The operational overhead is real. Message ordering, deduplication, and exactly-once semantics are all your problem now. For multi-step workflows where step B depends on step A’s output, you will want to look at Saga Pattern for Multi-Step Scraping Workflows in 2026 before you commit to a pub-sub design.

Pattern Comparison at a Glance

Dimension	Master-Worker	Pub-Sub
Coordination	Centralized	Decentralized via broker
Failure surface	Master crash = full stop	Broker crash = queue pause
Scaling ceiling	~50 workers before bottleneck	500+ workers with partitioning
Retry logic	Simple (master owns state)	Complex (consumer must handle)
Operational overhead	Low	Medium-high
Best fit	Focused crawls, internal tools	Multi-stage pipelines, high volume
2026 tooling	Scrapy+Redis, Celery, APScheduler	Kafka, Redis Streams, SQS+Lambda

State Management: Where Both Patterns Get Complicated

Neither pattern is clean without solving seen-URL deduplication and job status tracking. This is where most production scraper failures actually originate.

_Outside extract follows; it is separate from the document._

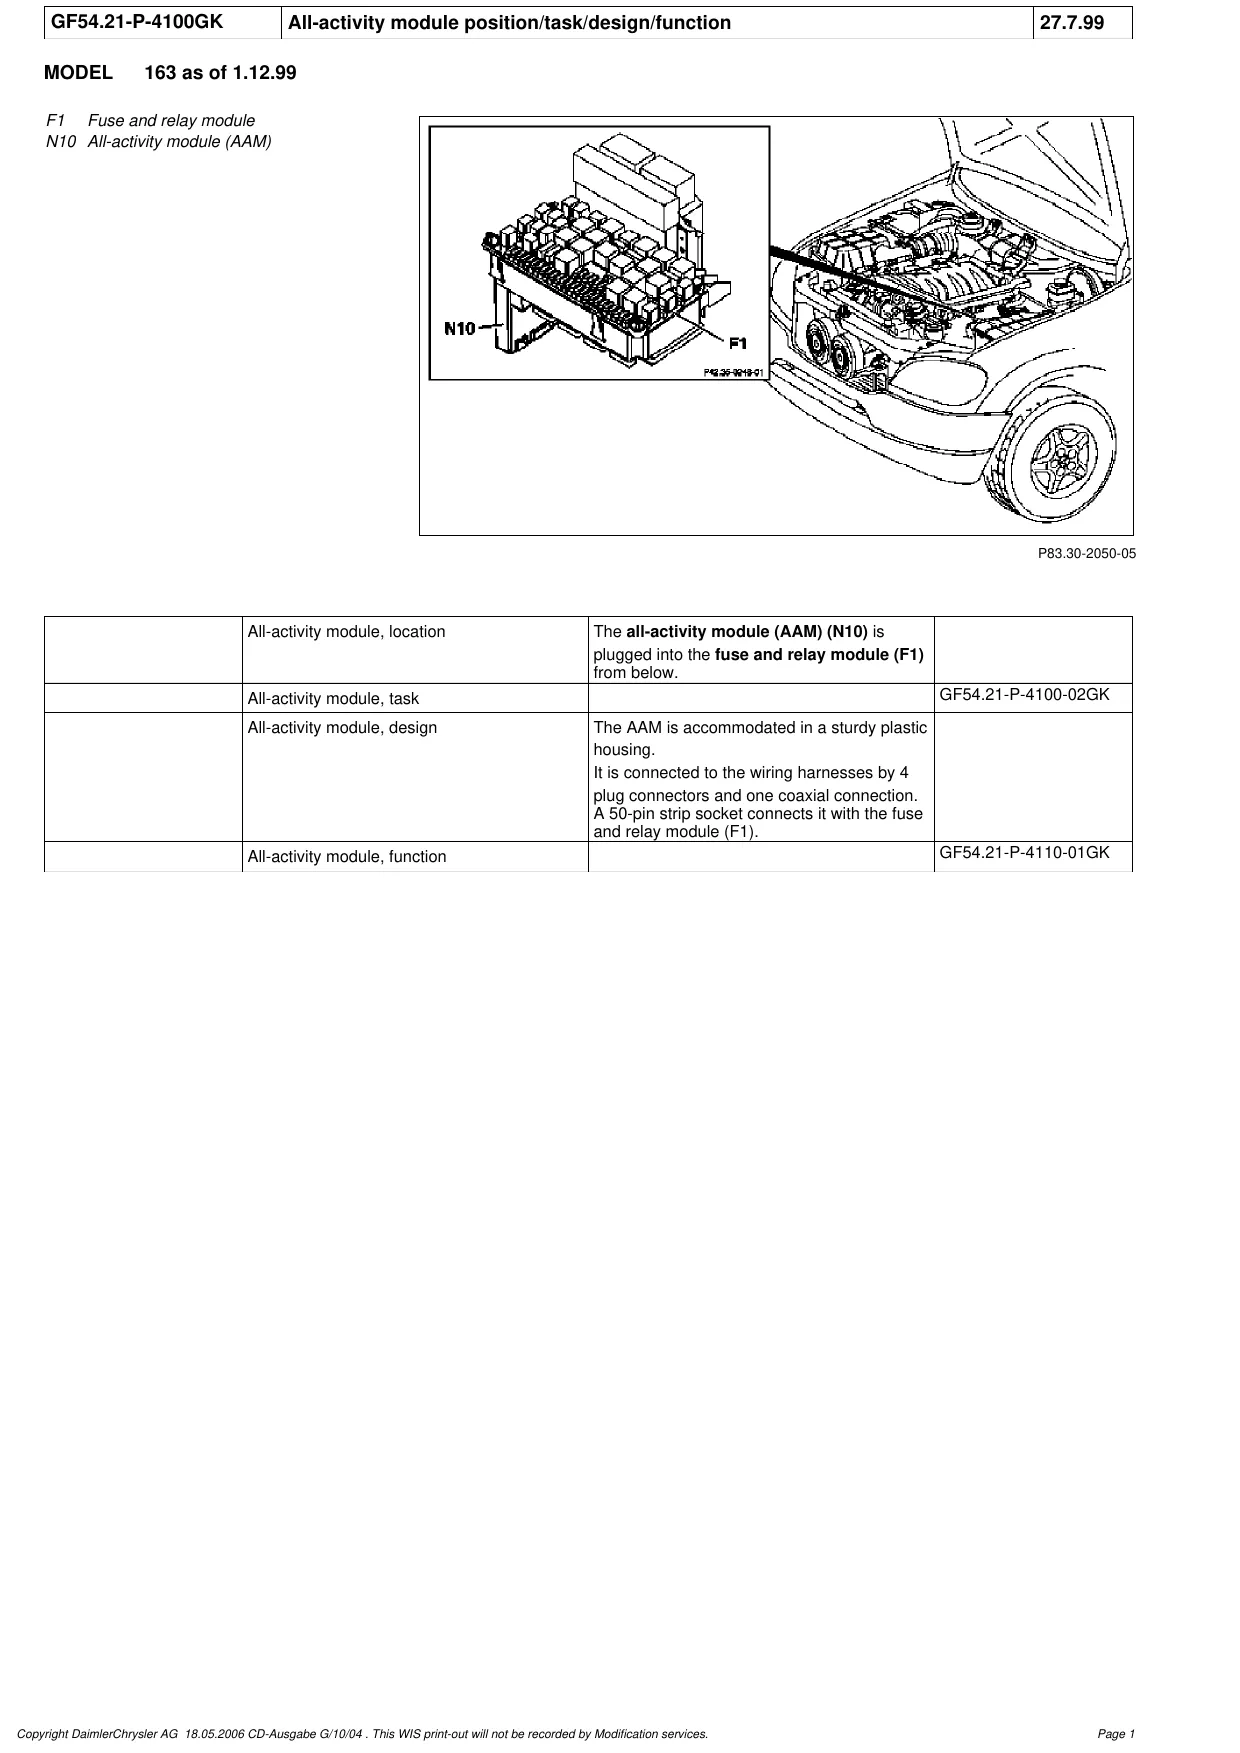 1998-2005 Mercedes ML 320 shop manual

In master-worker setups, state lives on the master: a Postgres table tracking URL status, timestamps, and retry counts is the standard. The risk is that at high insert rates, Postgres starts to lag, and you end up querying stale state.

Pub-sub setups tend to push state into Redis (for hot deduplication with a Bloom filter or a simple SET) and Postgres for durable history. The Scraper State Management: Redis, DynamoDB, or Postgres in 2026 breakdown is worth reading before you pick a store, especially if you are running at a scale where DynamoDB’s cost model starts to make sense.

Regardless of pattern, idempotency is non-negotiable. Retries without idempotency keys produce silent duplicates in your output dataset. If you have not audited your retry paths, Scraper Idempotency: Why Your Retries Are Creating Duplicates (2026) will save you a painful data-cleaning exercise later.

Hybrid Patterns Worth Knowing

Pure master-worker and pure pub-sub are the theoretical poles. Most production scrapers in 2026 run a hybrid.

The most common variant: a lightweight coordinator (master) handles domain-level scheduling and rate limits, but delegates URL-level dispatch to a Redis Stream or SQS queue. Workers pull directly from the queue without going through the coordinator for every job.

This preserves the observability of master-worker (you have a single place to see crawl progress and impose per-domain politeness rules) while removing the dispatch bottleneck.

Three scenarios where this hybrid wins:

You are scraping 50+ domains simultaneously with different rate limits per domain. The coordinator enforces per-domain token buckets; the queue handles volume.
Your workers are heterogeneous (some fetch, some render JavaScript via headless Chrome, some handle authenticated sessions). Different consumer groups read from different queue partitions based on task type.
You need burst capacity. Workers auto-scale based on queue depth (SQS + Lambda or Kafka consumer group lag), while the coordinator stays at fixed size.

The full design space for these patterns is covered in Web Scraping Architecture: Design Patterns and Best Practices, which is worth bookmarking as a reference as your system grows.

Bottom Line

If you are under 200k URLs/day with a single scraping stage, start with master-worker and invest the saved complexity budget in state management and idempotency. If you are building a multi-stage pipeline or need horizontal scale past 50 concurrent workers, go pub-sub with Kafka or Redis Streams from the start — retrofitting it later is painful. DRT covers these architecture decisions regularly because the wrong call at design time costs far more than the time spent reading first.